Now let's look at Samuelson's actual figures. He claims that there were 46 million uninsured people last year. He claims that most of these people are young and healthy. He claims that (in 2003) the richest 1/5 of the population incurs $4,451 per person, per year in health care costs. He claims that the uninsured presently pay $30 billion per year for their own care and pass on to the rest of us some $56 billion in unpaid bills. He then claims that it will cost another $123 billion per year to provide the uninsured with insurance. That's $209 billion, or $4,543 per person, per year. Now I'll grant that his 2003 figure needs to be increased for inflation, but what Samuelson is telling us is that a disproportionately "young and relatively healthy" population that doesn't need insurance will incur medical costs roughly on par with the wealthy, who are far more likely to be older and to thus have the medical problems associated with age. He's cherry picking his figures, without paying any attention to whether they render his argument internally inconsistent.

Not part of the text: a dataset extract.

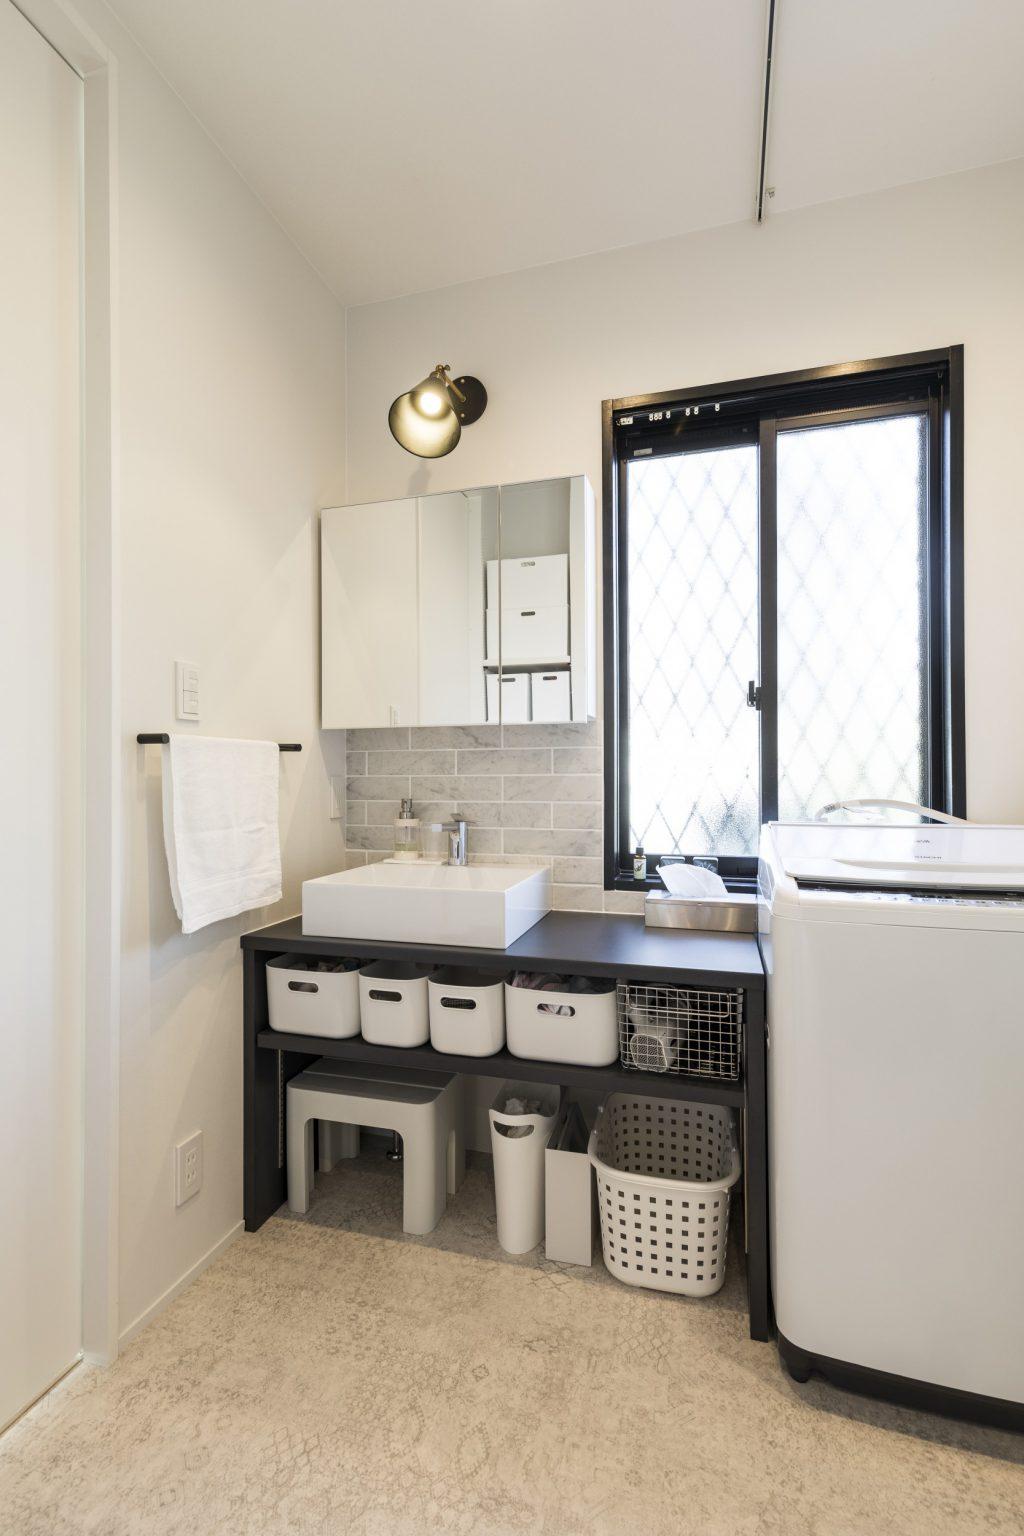 岐阜市A様邸のリノベーション事例の洗面室

But beyond the bad numbers and reasoning, the fact is that the problem of the uninsured is a different problem than healthcare inflation. Beyond mouthing that the cost of insurance will be an additional $123 billion, Samuelson provides no evidence or argument that this will result in further inflation of healthcare costs. It doesn't even occur to him that by moving uninsured care out of emergency rooms we might actually reduce unneeded testing and the other high costs of emergency room care.

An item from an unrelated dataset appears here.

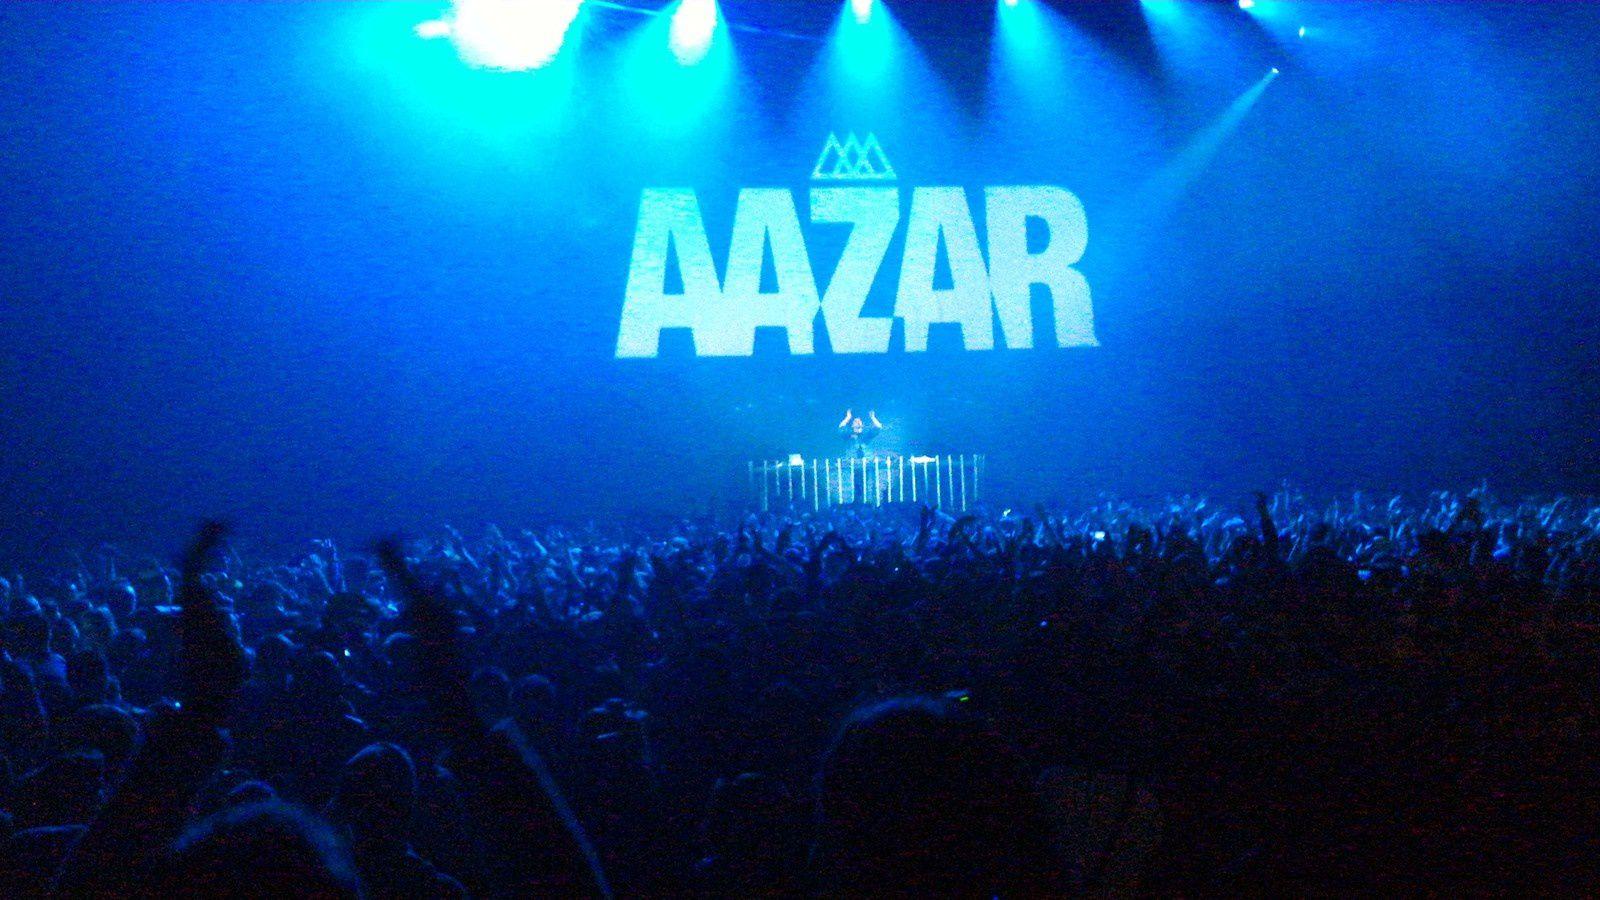 Aazar (c'est marqué au-dessus haha)

If we ignore the change of subject, what does Samuelson tell us? The candidates need to focus less on universal coverage and more on "more electronic record-keeping, better case management, fewer dubious tests and procedures, and a fairer sharing of costs between the young and the old". In terms of the first three, what's his excuse for overlooking the fact that Obama explicitly endorses improved technology and electronic record-keeping as part of his healthcare reform proposal? Waste should be addressed, but it's difficult to address medical waste, as the moment you do the political right starts squawking about rationing, or "government bureaucrats telling your doctor what to do." The issue of the division of healthcare costs between the young and old isn't either an issue of cost control or an issue of universal coverage. It's reasonable to assert that wealthy people who can afford to do so should pick up an increased portion of their own medical bills, but it's understandable why that's not being suggested during an election year.

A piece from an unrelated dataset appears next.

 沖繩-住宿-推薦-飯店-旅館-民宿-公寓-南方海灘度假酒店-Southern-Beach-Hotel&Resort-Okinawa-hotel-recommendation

For now, let's try to do the following:
  • Stop pretending that universal health insurance coverage is incompatible with taking measures to limit healthcare inflation and waste.

  • Take an honest look at these separate issues - universality, waste, inflation and cost-shifting due to Medicare - set some priorities, and figure out which should be addressed first

Samuelson believes waste, inflation and cost-shifting should be our priorities? No problem. But lay out the actual case, rather than clouding the issue with false dichotomies and dubious financial claims.